__Goal of the exercise__: Each line from the one containing "an illustration shows" to the end of the material below is to be restated exactly, with pictures skipped.

__Recorded data__:
★ ★ ★
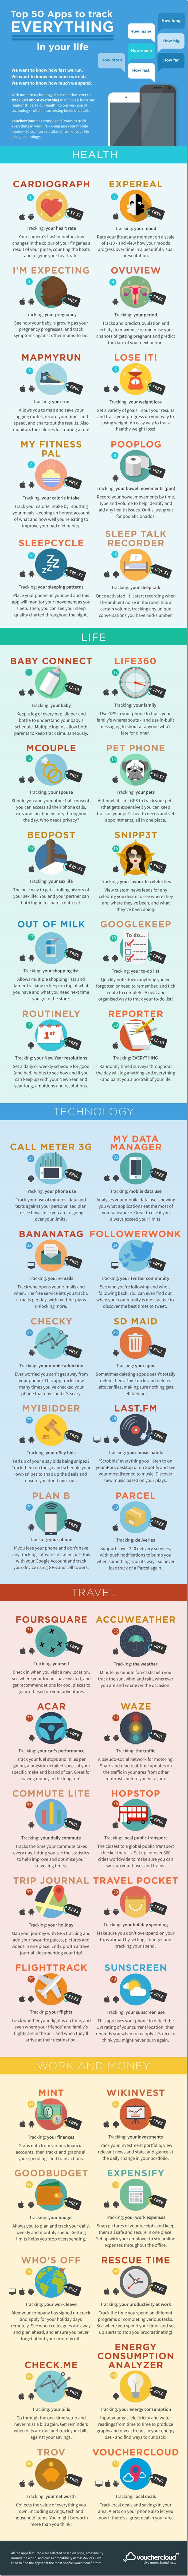 Email_instant_50_Apps_to_Track_Everything_infographic
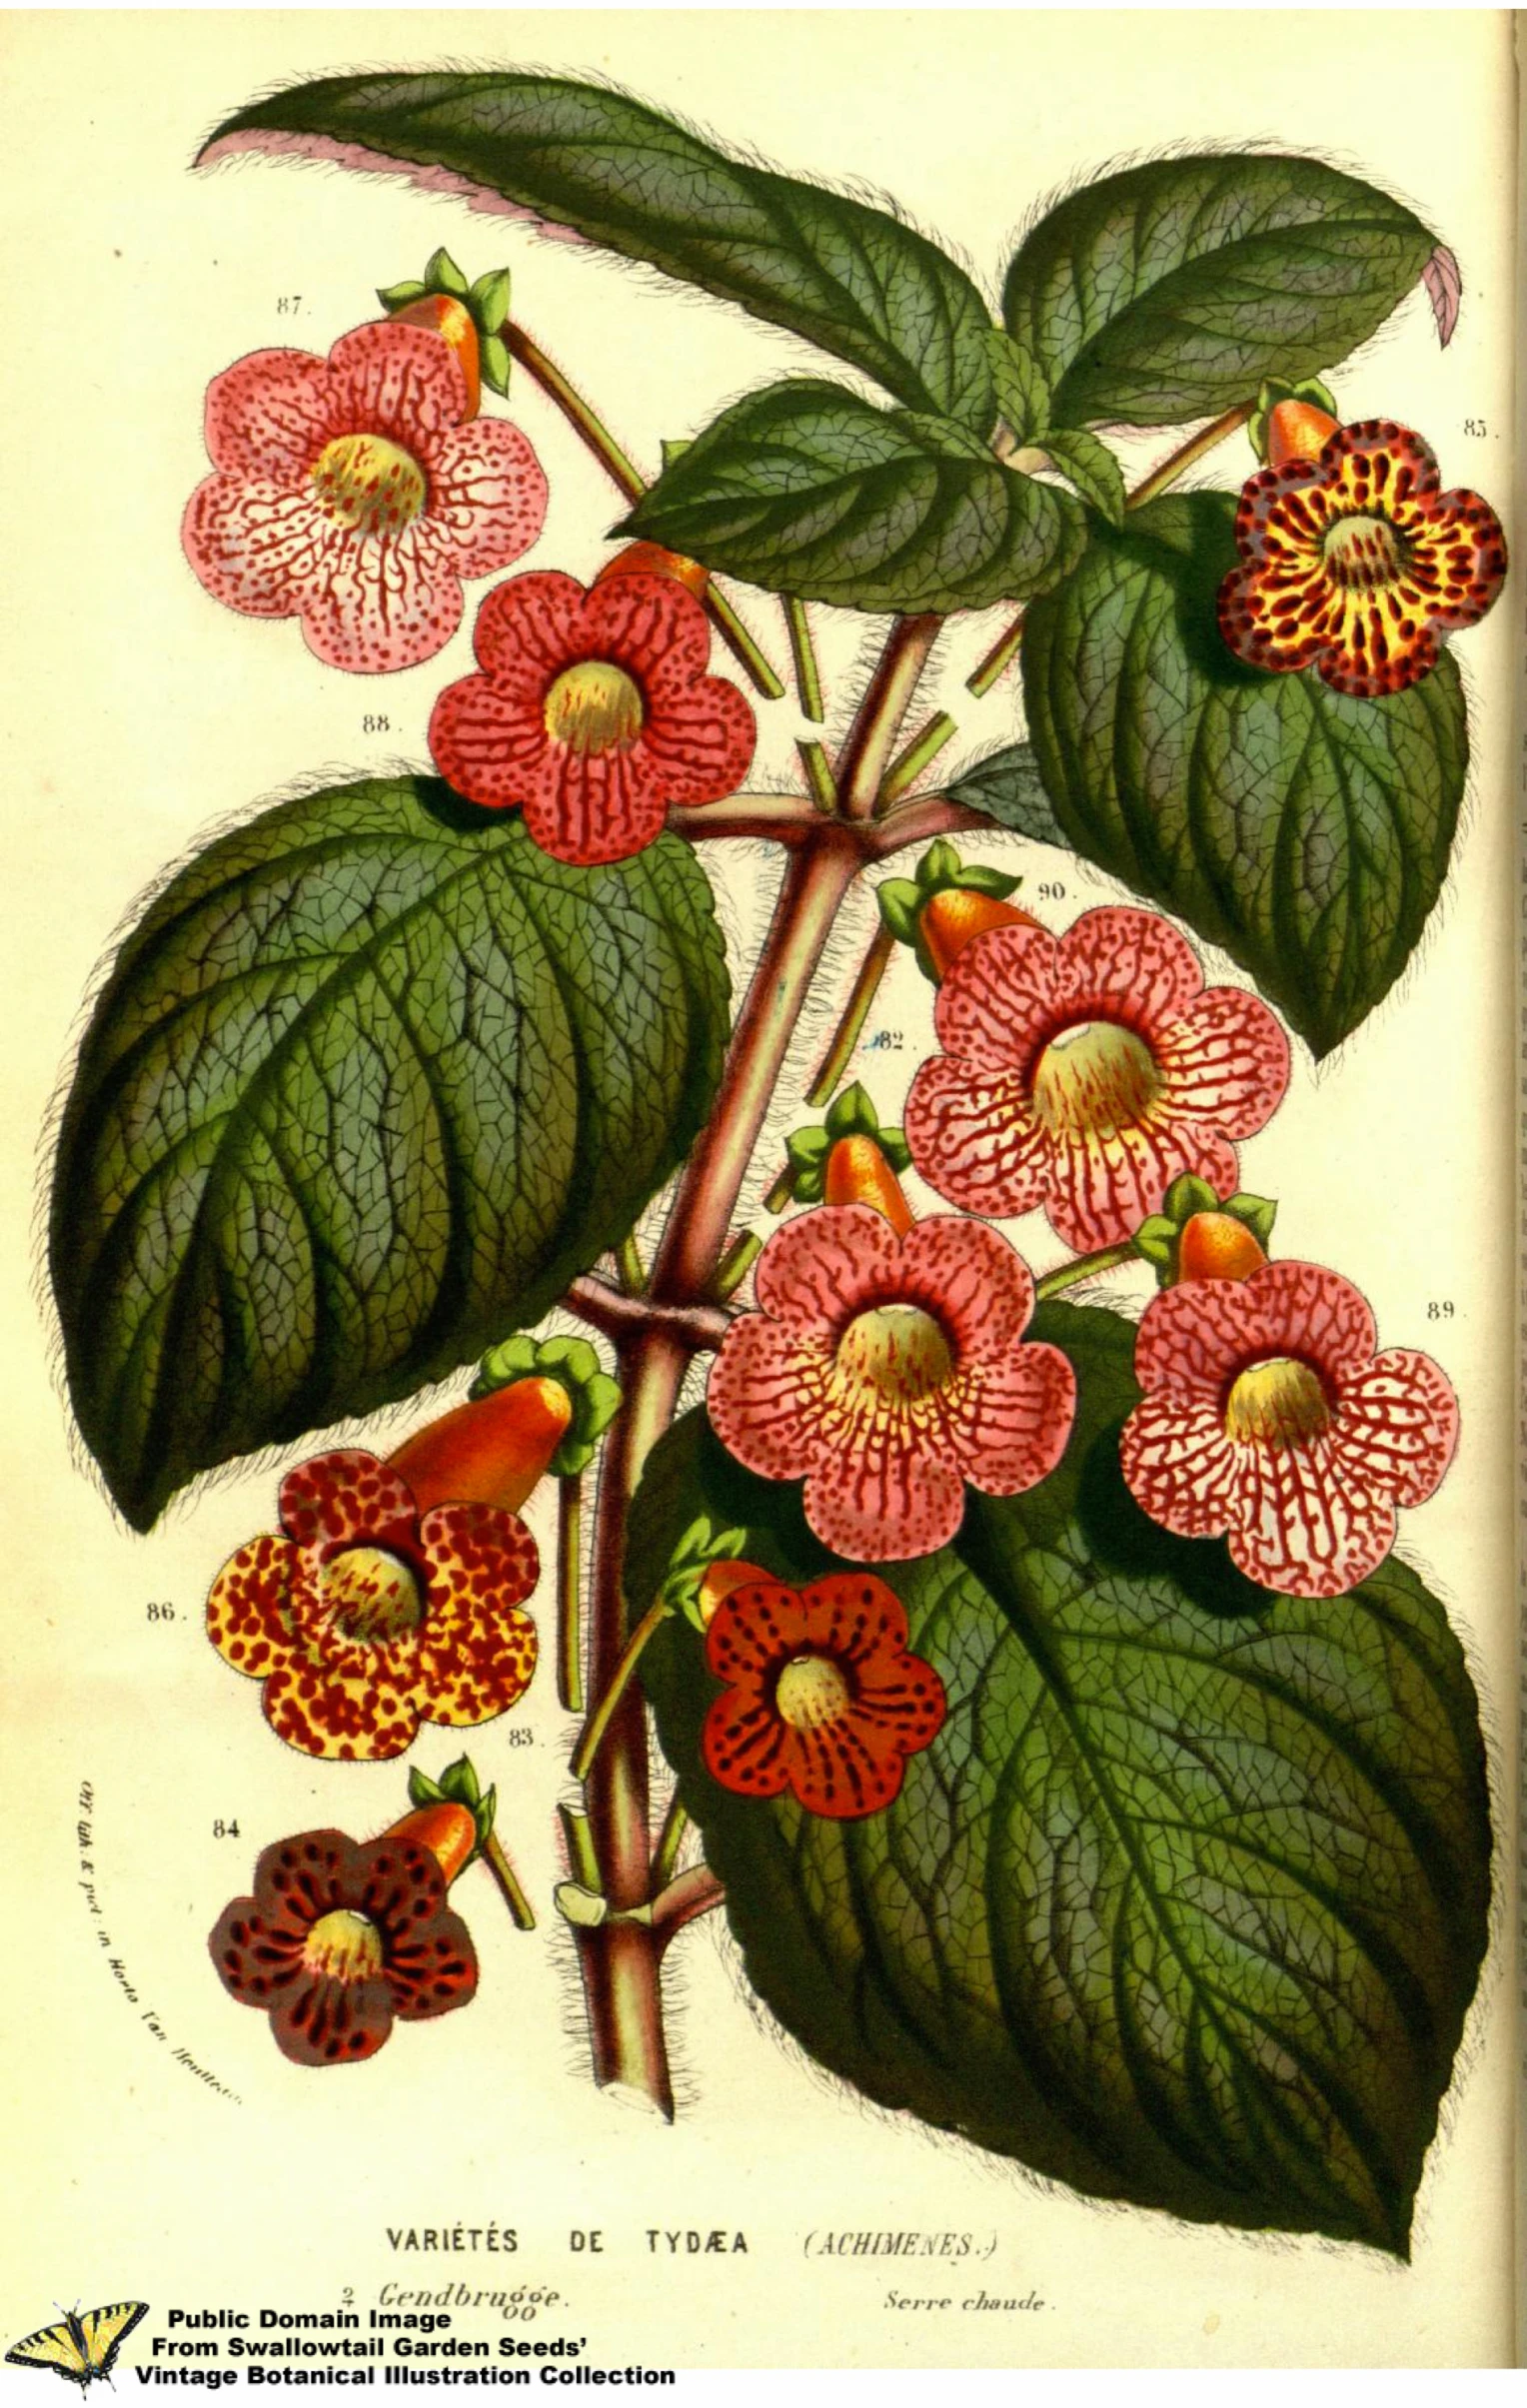 an illustration shows different types of flowers
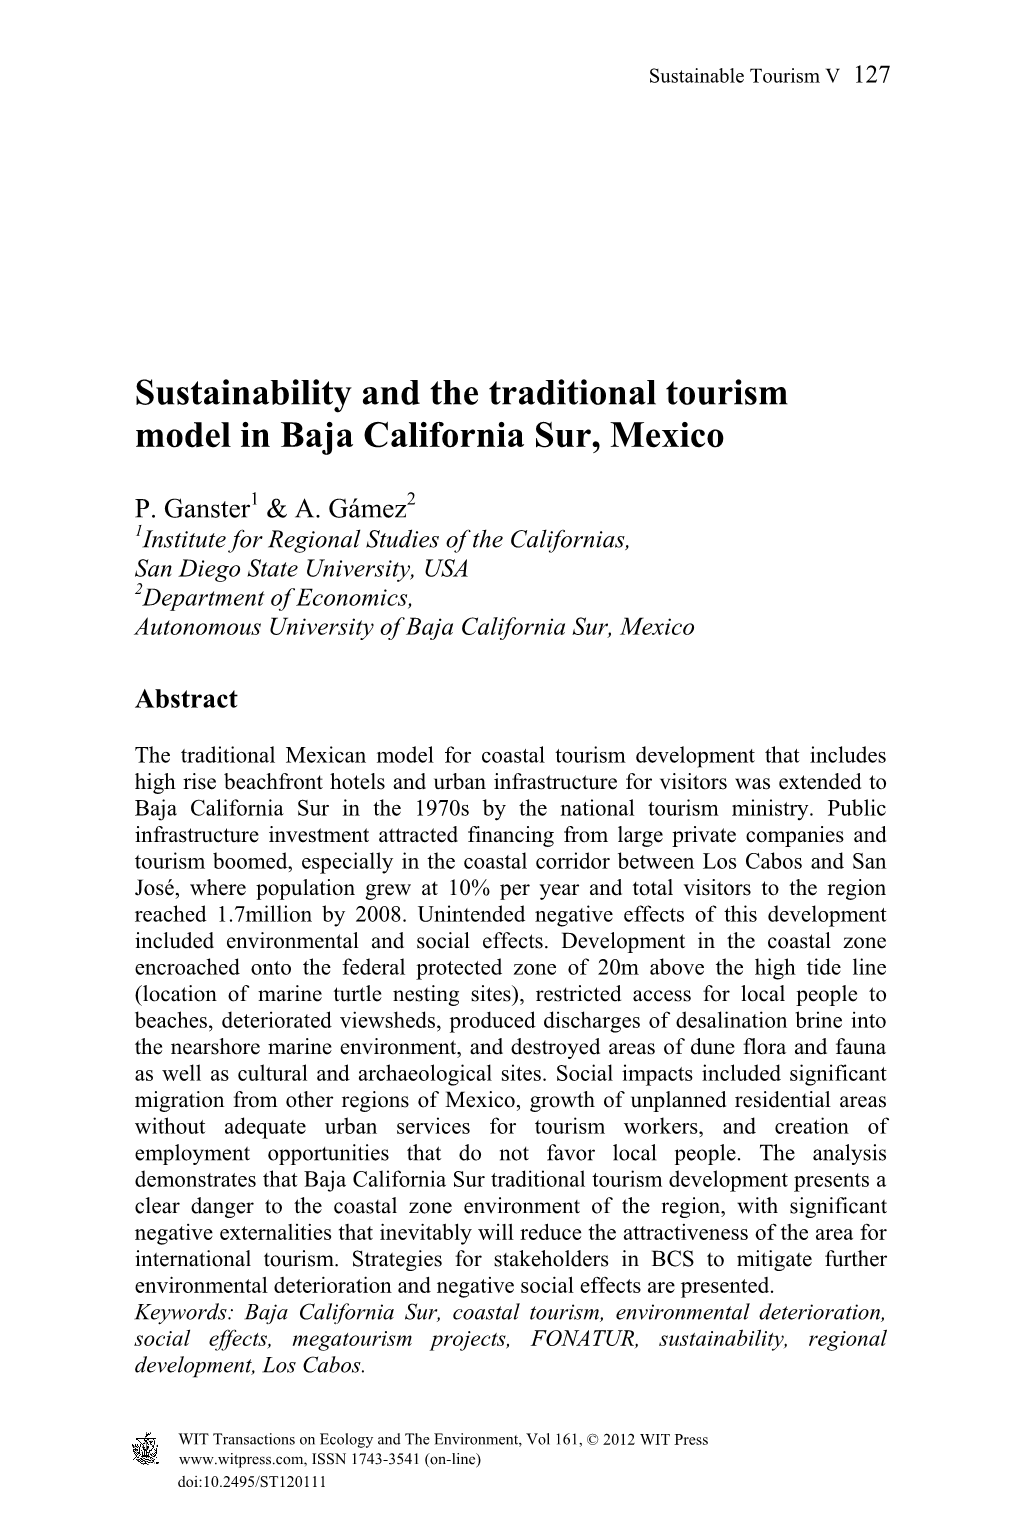 Sustainability and the Traditional Tourism Model in Baja California Sur, Mexico
★ ★ ★
__Exercise output__:
 an illustration shows different types of flowers
 Sustainability and the Traditional Tourism Model in Baja California Sur, Mexico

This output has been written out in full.